The conversation explores the seismic impact of DeepSeek’s V3 and R1 releases, unpacking how a Chinese hedge-fund spinoff trained competitive reasoning models on restricted H800 GPUs while publishing open weights under MIT license. Dylan and Nathan detail the mixture-of-experts architecture, multi-head latent attention, custom NCCL scheduling, and extreme sparsity that cut training cost to $5 million and inference to $2 per million tokens. They contrast this with OpenAI’s closed O3 Mini, showing how open weights, permissive licensing, and detailed papers pressure Western labs to accelerate open-sourcing and rethink safety culture.

Geopolitically, the episode frames DeepSeek as a Cold-War catalyst, illustrating how U.S. export controls on H100/H800/H20 GPUs and EUV lithography aim to slow China’s compute advantage while China’s rumored 50k-GPU cluster and new trillion-RMB subsidy signal escalation. The speakers warn that limiting Taiwan-based TSMC’s foundry dominance risks triggering military action if China feels cornered, yet concede that America’s multi-gigawatt Stargate and Memphis clusters are racing to secure AI supremacy.

Looking forward, they foresee 500k-GPU clusters, post-training self-play, and agentic robotics consuming more flops than pre-training ever did. Nathan advocates open-source RL recipes like Tulu 3, while Dylan tracks supply-chain bottlenecks in power, water cooling, and optics. Both agree that super-intelligence will arrive gradually via cheaper reasoning, but warn of cultural backdoors and techno-authoritarianism if only a few control the models.

30 Key Ideas:

1.- DeepSeek V3/R1 open-weight reasoning models rival GPT-4 at 27× lower cost.

2.- Mixture-of-experts plus latent attention shrinks memory and compute needs.

3.- Open weights under MIT license foster global replication and innovation.

4.- Training reportedly used 2k H800 GPUs despite wider 50k cluster rumors.

5.- U.S. export controls throttle China access to H100/H800/H20 tiers.

6.- TSMC foundry dominance makes Taiwan central to semiconductor security.

7.- Stargate and Memphis clusters target multi-gigawatt power for future training.

8.- Post-training self-play will soon eclipse pre-training in compute demand.

9.- Safety culture divide slows Anthropic releases versus DeepSeek speed.

10.- Smuggling and cloud rentals still funnel GPUs into China despite bans.

11.- Distillation from OpenAI outputs is common but legally murky practice.

12.- Export curbs risk forcing China toward military action over Taiwan chips.

13.- Cost curves show 1 200× inference price drop since GPT-3 launch.

14.- Memory-bound KV cache limits long-context reasoning scaling.

15.- NVIDIA stock dip reflects panic, not long-term demand collapse.

16.- Google TPU clusters remain largest yet internally focused.

17.- AWS dominance stems from early, cheap, and user-friendly services.

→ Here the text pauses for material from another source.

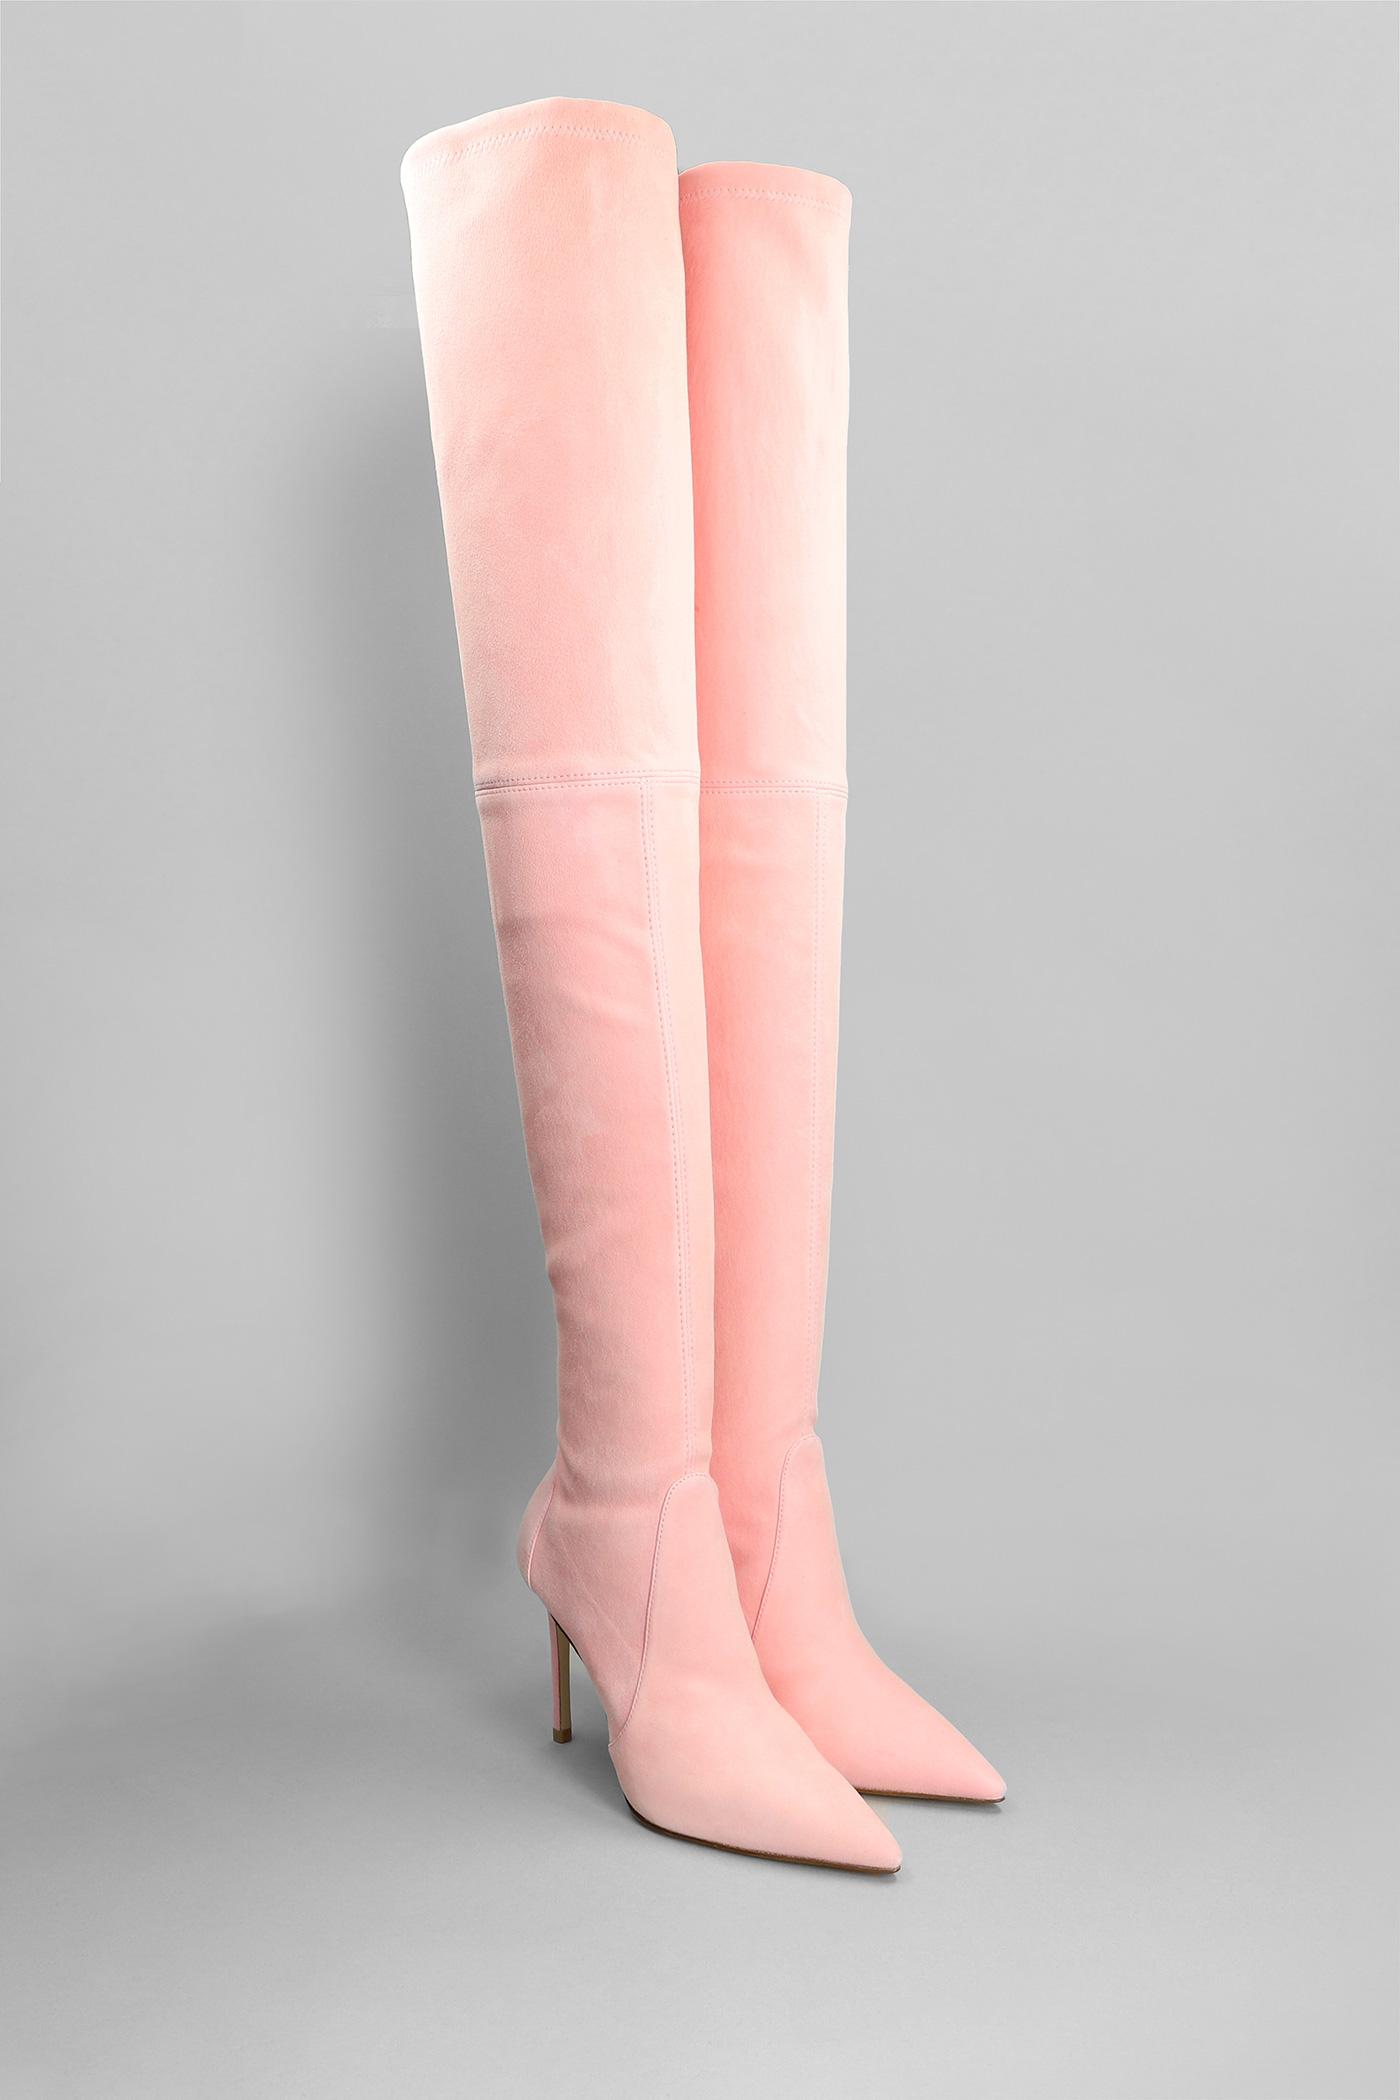 Stuart Weitzman Ultrasturt 100 High Heels Boots In Rose-pink Suede | Lyst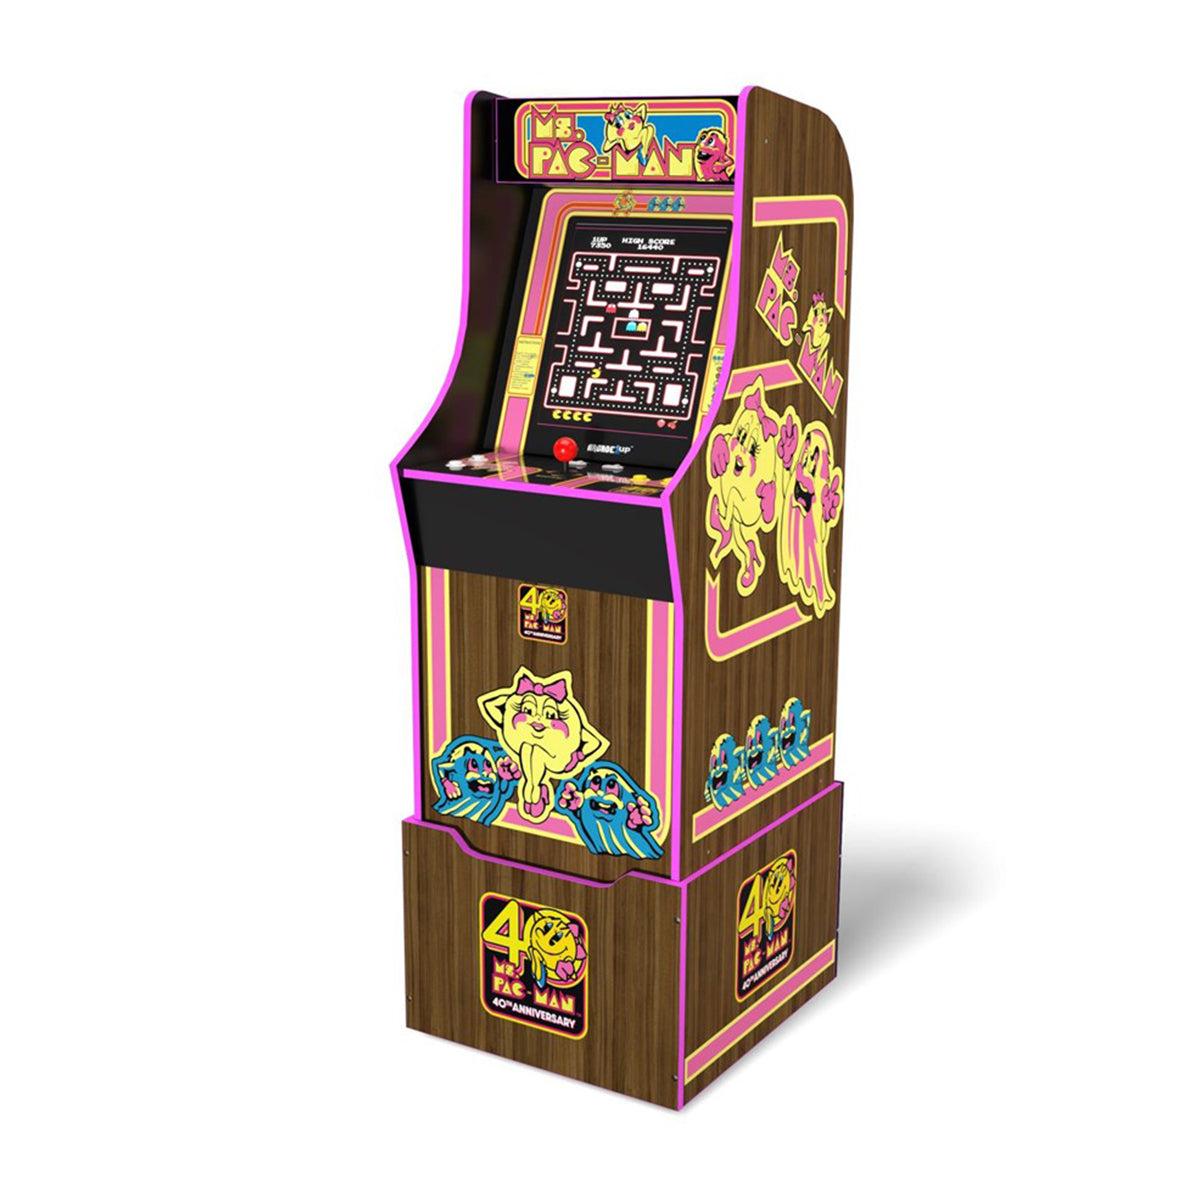 Arcade1Up MS Pac-Man 40th Anniversary Edition

18.- Reinforcement learning with verifiable rewards unlocks emergent chain-of-thought.

19.- Human preference data still guides post-training safety and usability.

20.- Future clusters may reach one million GPUs and gigawatt power draw.

21.- Arizona, Texas, and Louisiana sites race to build natural-gas plants.

22.- Liquid cooling becomes mandatory for next-gen Blackwell GPUs.

23.- China’s 2025 AI subsidy plan totals ~$160 billion RMB.

24.- Open-source recipes like Tulu 3 push frontier with public data and code.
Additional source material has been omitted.